To create a test case generator for the given problem, we'll generate a tree structure with \(N\) vertices, random edges with lengths, and multiple queries. Here's a detailed step-by-step solution:

1. **Generate Vertices and Edges:**
    - We need to generate \(N-1\) edges to form a tree.
    - Ensure the tree remains connected by using a union-find (disjoint-set) structure or simply connecting a new node to any of the existing nodes.

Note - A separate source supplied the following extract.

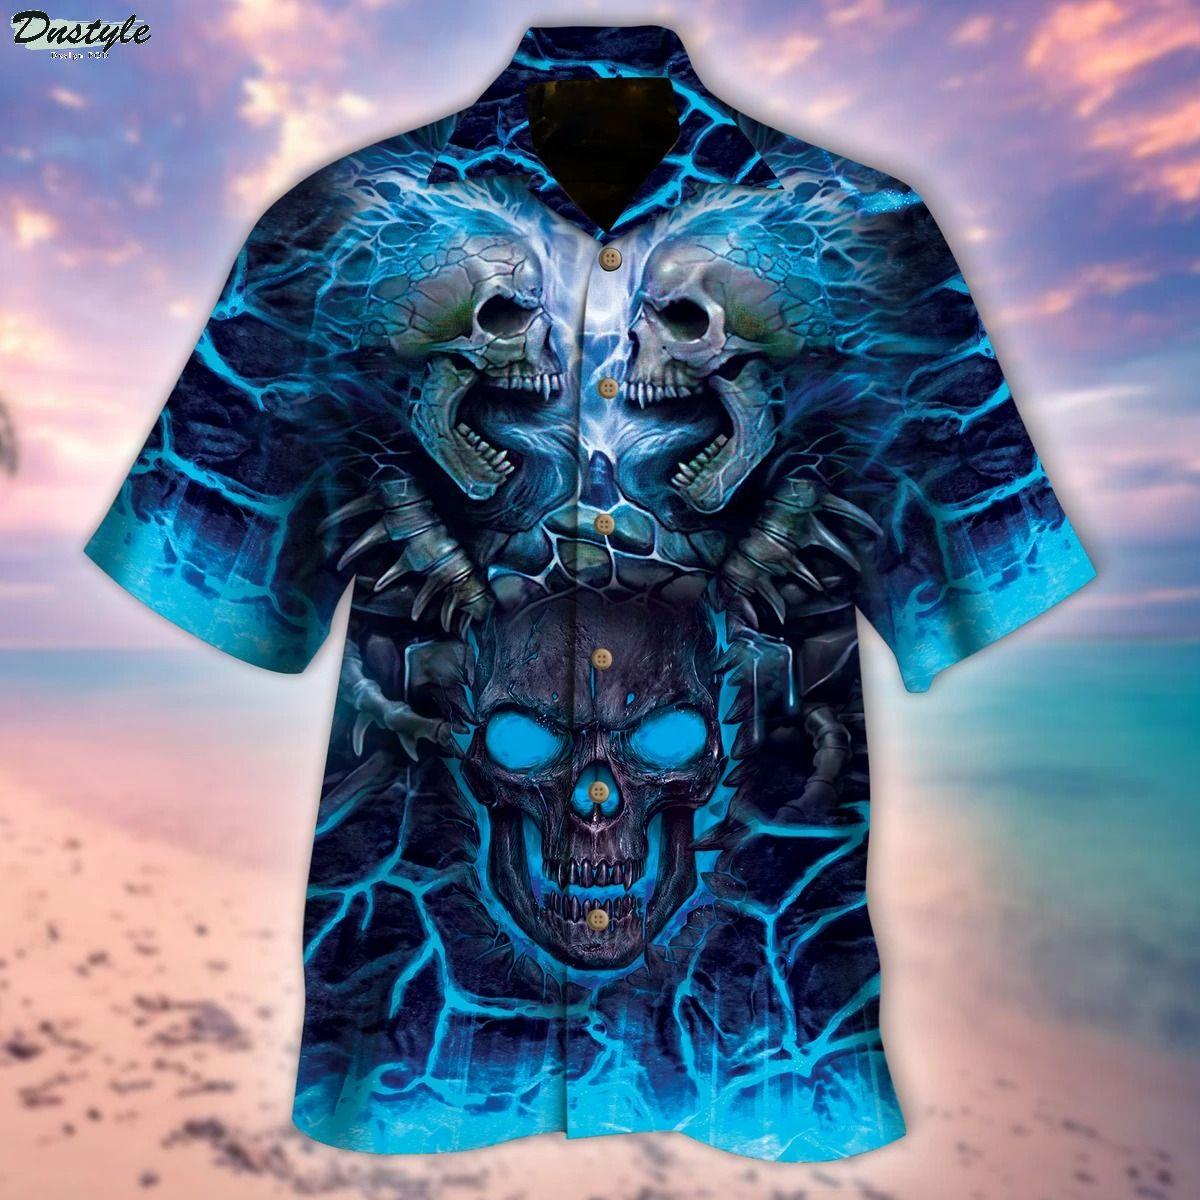 The Death Skull Hawaiian Shirt

2. **Generate Edge Lengths:**
    - Each edge length \(c_i\) should be a random integer between 1 and \(10^9\).

3. **Generate Queries:**
    - Each query should consist of two vertices \(x_j\) and \(y_j\) (both different and neither equal to \(K\)).
    - Generate \(Q\) such queries.

4. **Constraints:**
    - \(3 \leq N \leq 10^5\)
    - \(1 \leq c_i \leq 10^9\)
    - \(1 \leq Q \leq 10^5\)
    - Vertices in queries should not be the same and should not be equal to \(K\).

Here's the Python code for the test case generator:

```python
import random

def generate_tree_edges(N):
    edges = []
    for i in range(2, N+1):
        u = i
        v = random.randint(1, i-1)  # Connect to any vertex that is already part of the tree
        c = random.randint(1, 10**9)
        edges.append((u, v, c))
    return edges

def generate_queries(N, Q, K):
    queries = []
    for _ in range(Q):
        while True:
            x = random.randint(1, N)
            y = random.randint(1, N)
            if x != y and x != K and y != K:
                break
        queries.append((x, y))
    return queries

def tcgen():
    N = random.randint(3, 10**5)
    edges = generate_tree_edges(N)
    
    Q = random.randint(1, 10**5)
    K = random.randint(1, N)
    
    queries = generate_queries(N, Q, K)
    
    input_data = f"{N}\n"
    input_data += "\n".join(f"{u} {v} {c}" for u, v, c in edges)
    input_data += f"\n{Q} {K}\n"
    input_data += "\n".join(f"{x} {y}" for x, y in queries)
    
    return input_data

# Example usage
print(tcgen())
```

**Explanation:**

1. **generate_tree_edges(N):** This function generates \(N-1\) edges to form a connected tree. Each edge connects a new vertex \(i\) to any previous vertex \(v\) ensuring connectivity.

2. **generate_queries(N, Q, K):** This function generates \(Q\) queries. It ensures that the vertices \(x\) and \(y\) in each query are different and neither is equal to \(K\).

3. **tcgen():** This function calls the above helper functions to generate the tree and queries, formats them as a single input string, and returns it.

You can place this generator script in your testing environment to generate and verify multiple test cases for the problem.